In its year 2002 audit of NASA's books, released Jan. 30, PricewaterhouseCoopers describes a system of management problems that extends through time. In 2001, the auditor complained that NASA did such a scattershot job of tracking equipment and property that it couldn't accurately determine how much money was actually being spent on the space station, whose total cost is usually described in the press as around $100 billion. For 2002, auditors attempted to further investigate problems uncovered in the 2001 review. According to this new report, the accountants delved into the 2002 books and discovered numerous contractor errors.
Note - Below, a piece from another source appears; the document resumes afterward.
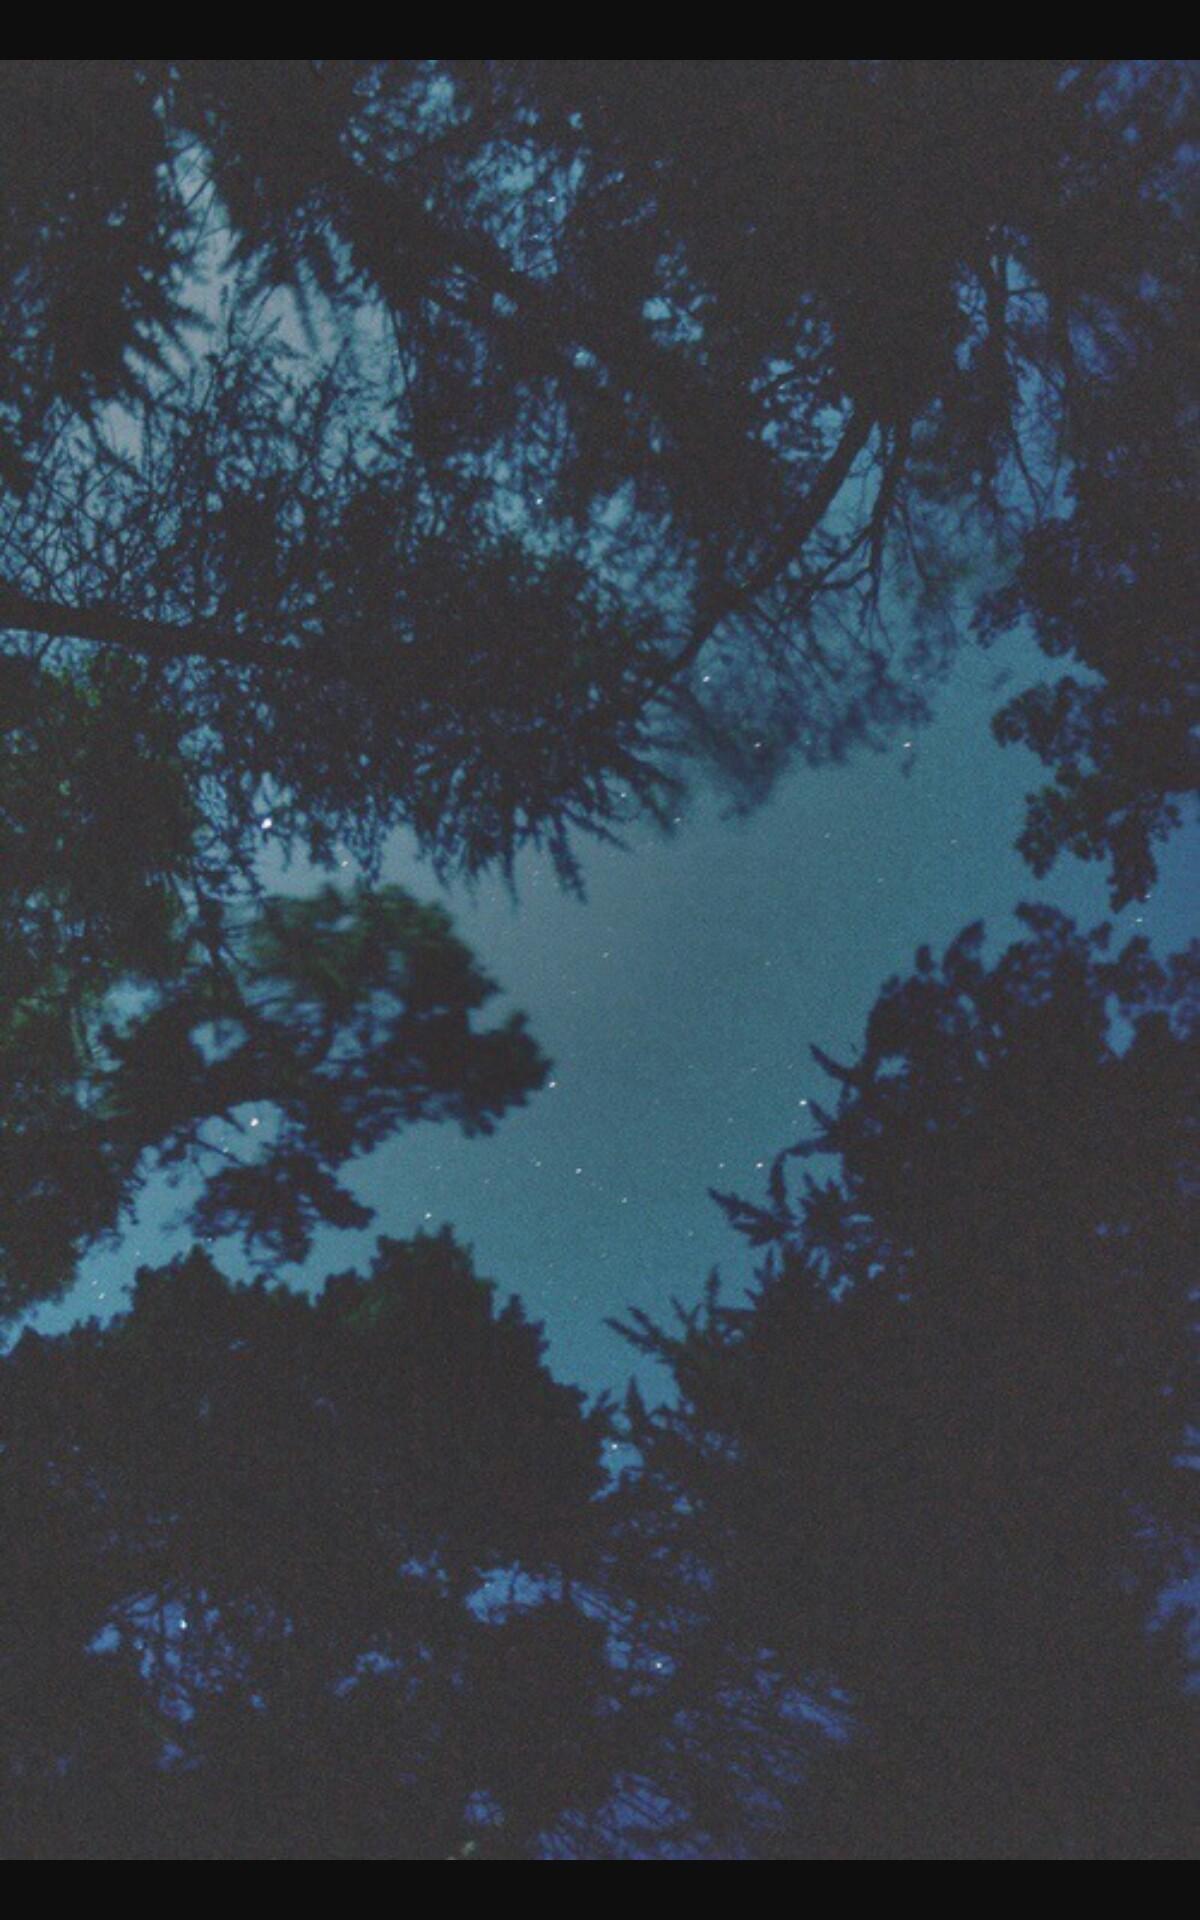 Galaxy S8 Quote Wallpaper Die 106 Besten Himmel Hintergrundbilder F 252 R Tumblr

In one instance, a single contractor had to adjust the value of materials it was using in a NASA project by $1.9 billion. (The report does not say whether the contractor was $1.9 billion high or low.) In another instance, the report states, the same contractor under- or overestimated the "assets in space" it managed by another $887 million. In all, the auditors discovered $2.8 billion in material errors in the 2002 audit, representing about a quarter of the value of the $13 billion in materials held by NASA contractors. A spokesman for the NASA Inspector General's Office told me the space agency is preparing its official response to the PricewaterhouseCoopers audit.